#### Your task
Reproduce the listing below in full and exactly; no pictures belong in the copy.

#### Raw data
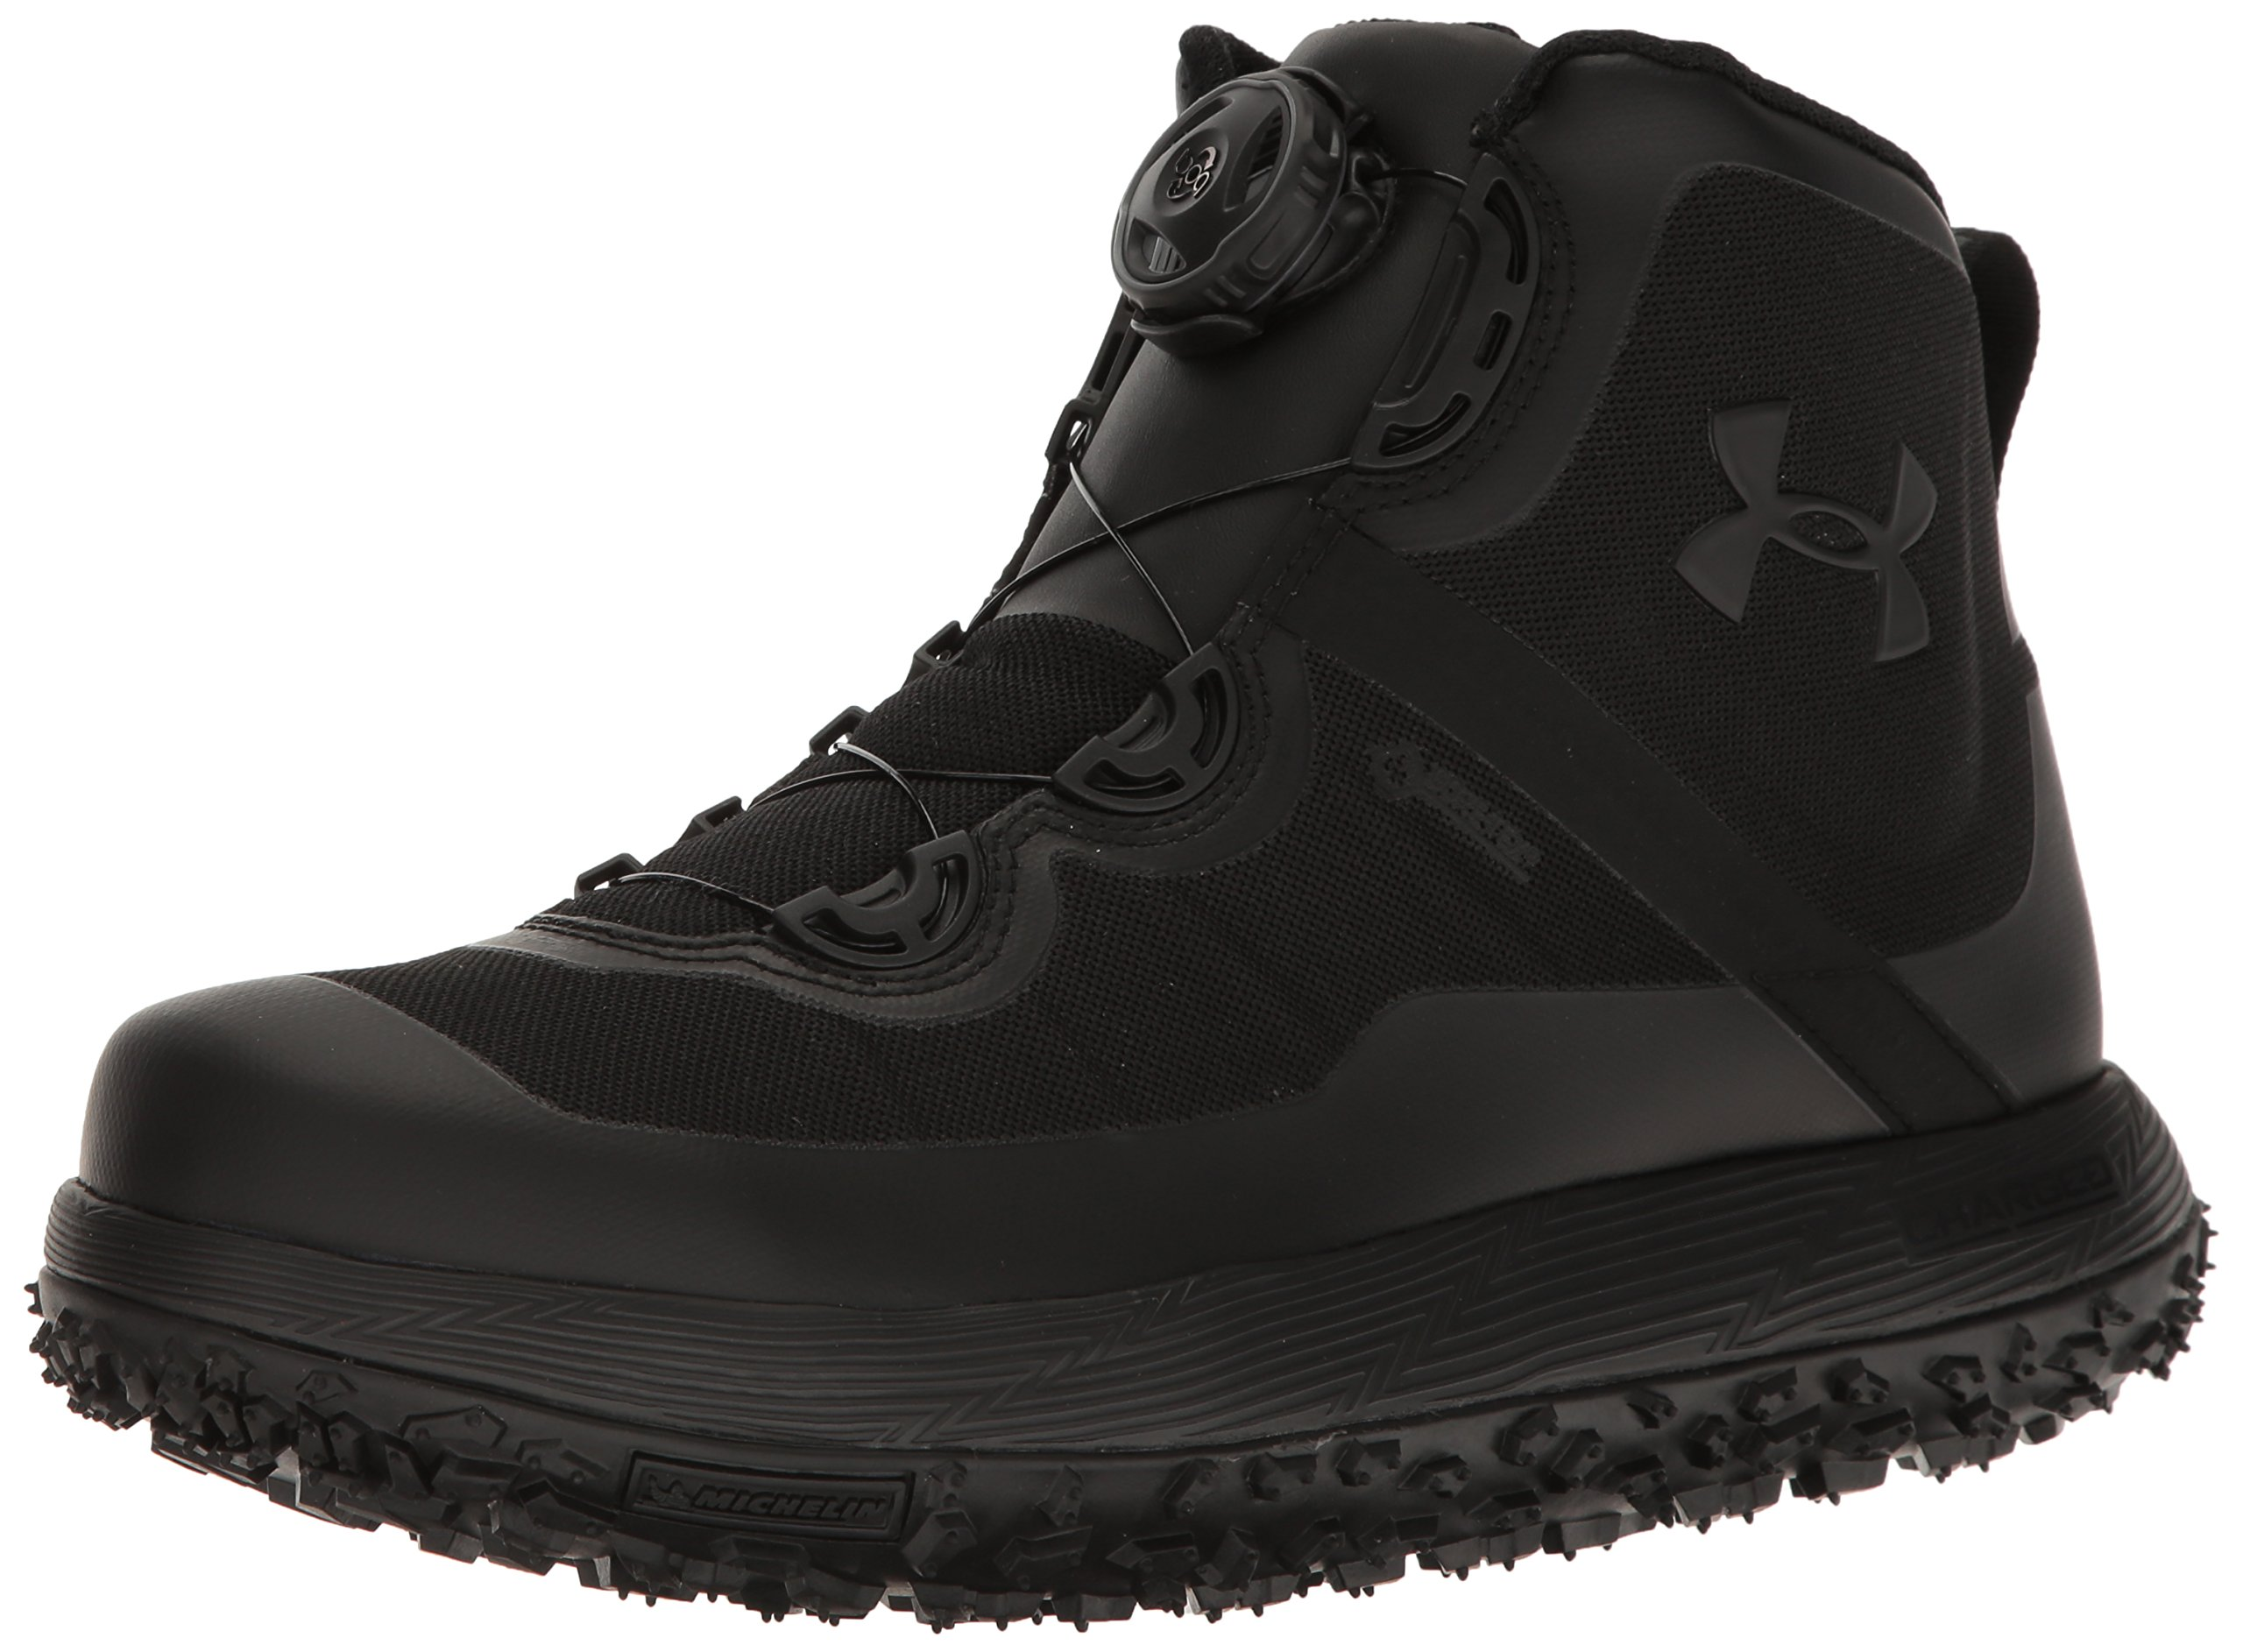 Under Armour Men's Fat Tire GORE-TEX, Black (001)/Black, 11
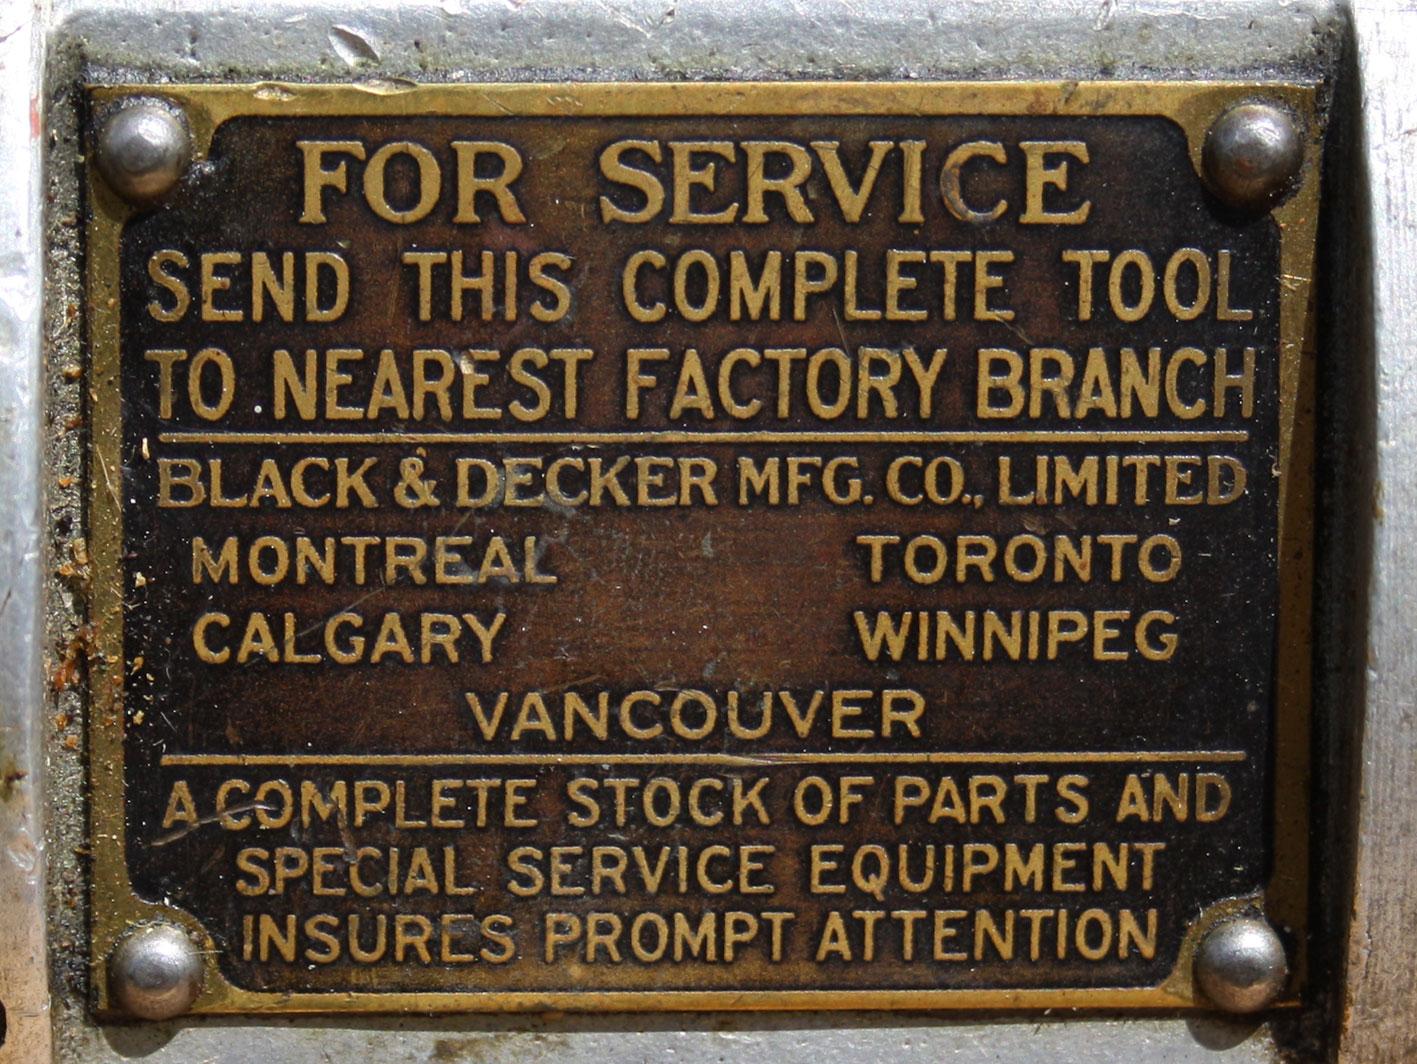 Decker Electric Company Inc
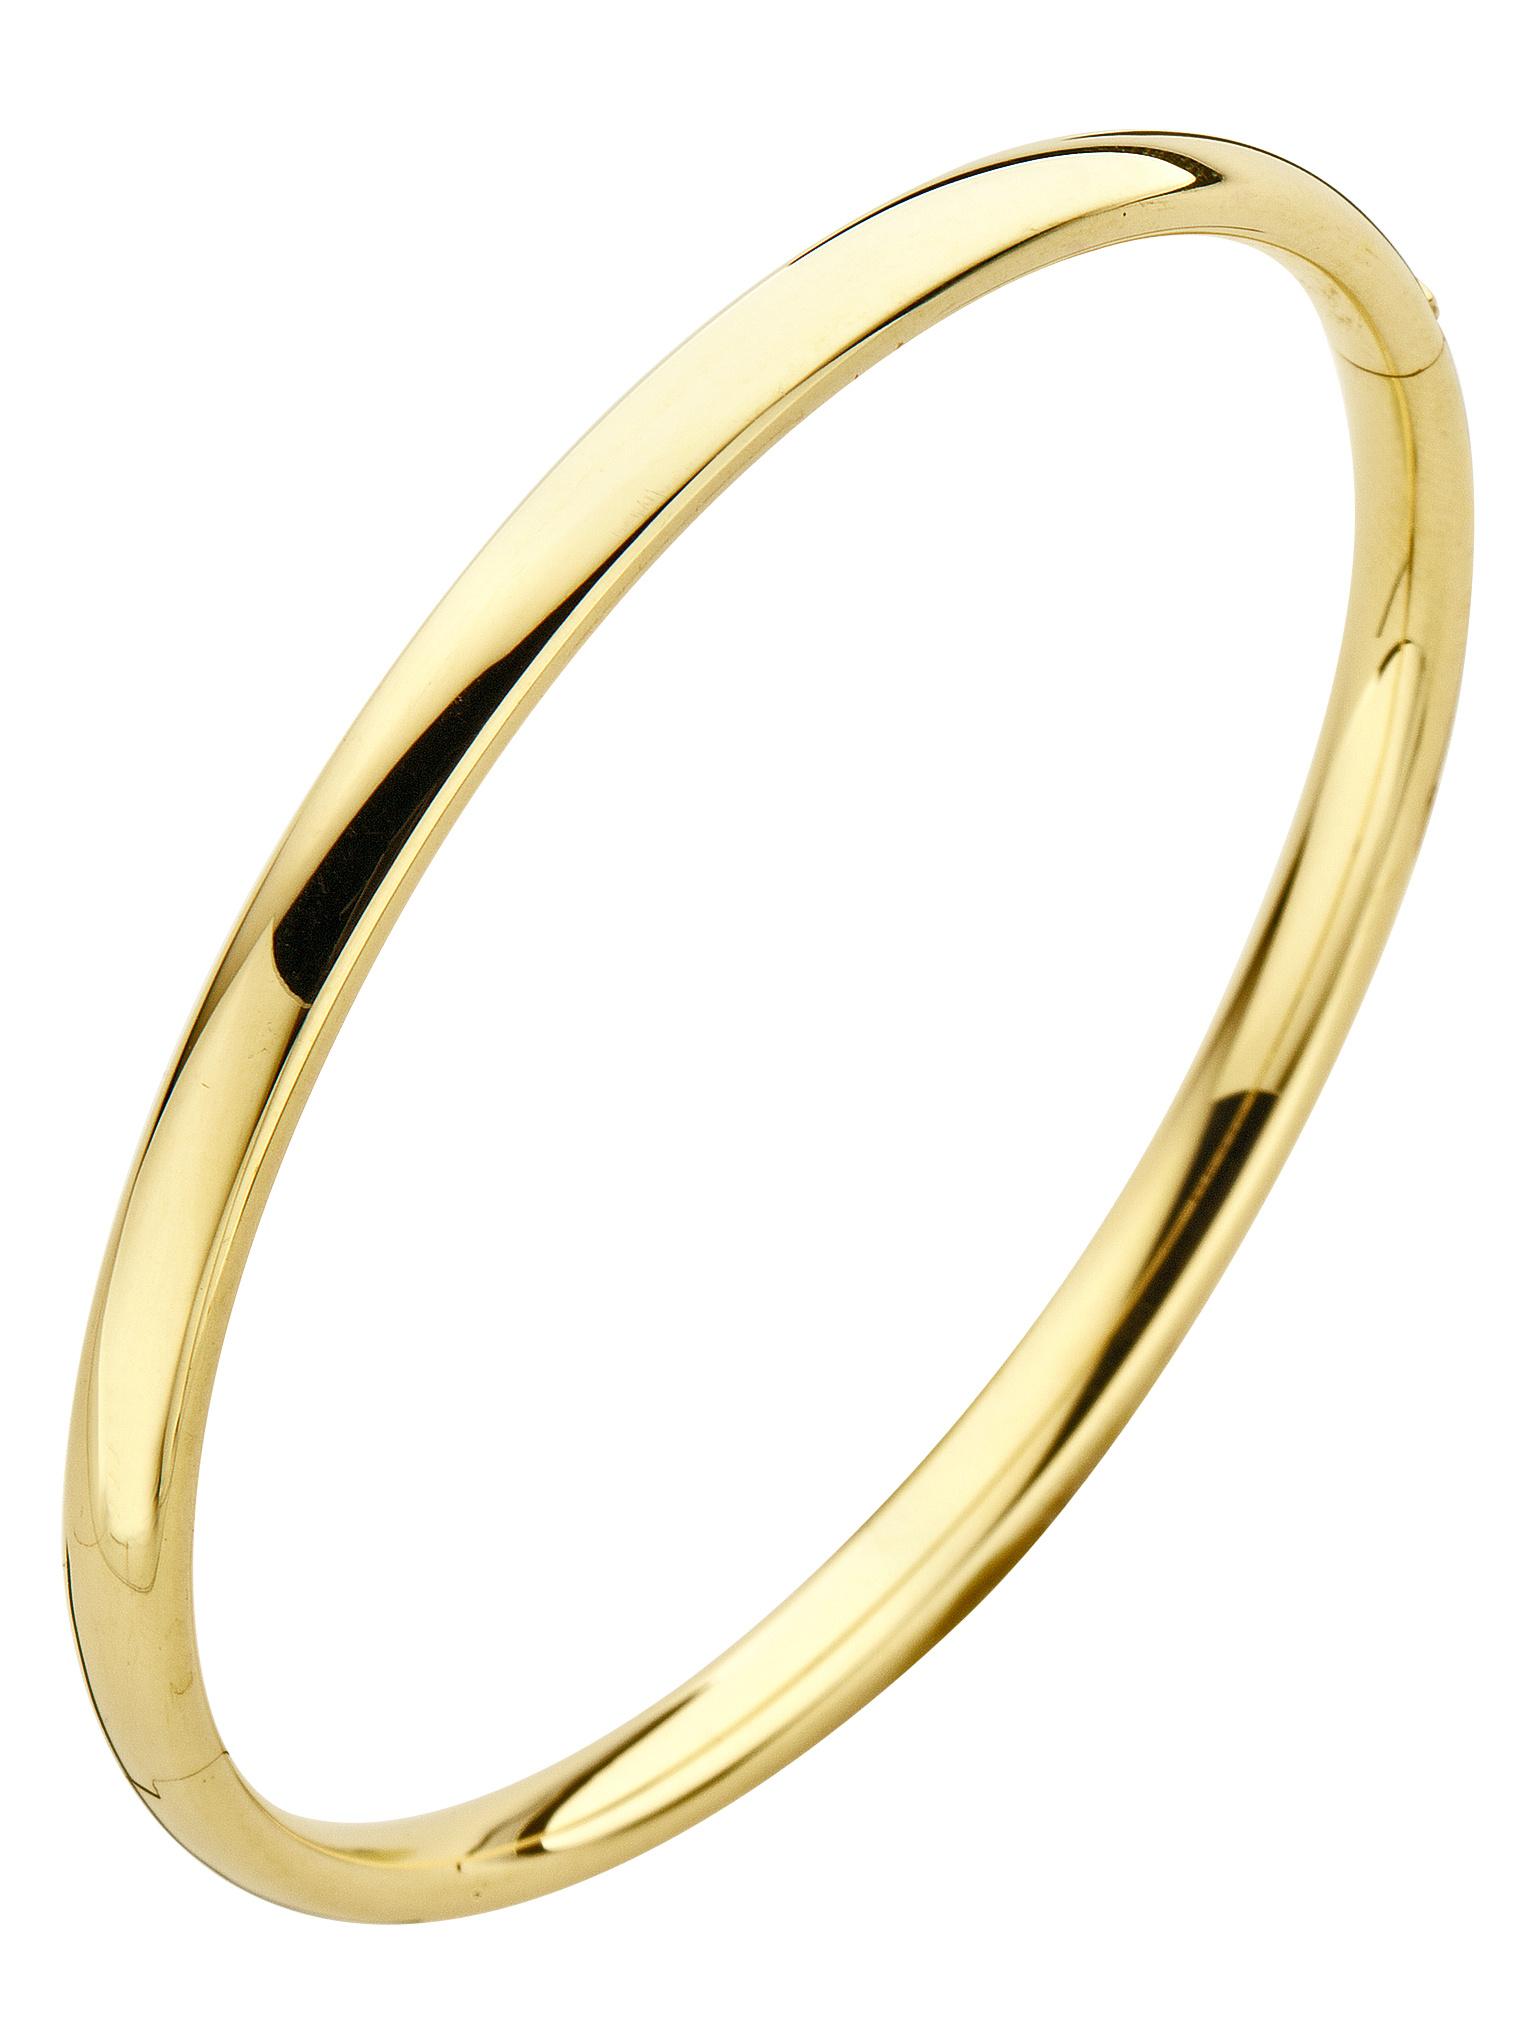 14 karaat geelgouden armband - Ovaal 4 mm - Fjory - Slavenarmband-1

#### Solution for this exercise
 Under Armour Men's Fat Tire GORE-TEX, Black (001)/Black, 11
 Decker Electric Company Inc
 14 karaat geelgouden armband - Ovaal 4 mm - Fjory - Slavenarmband-1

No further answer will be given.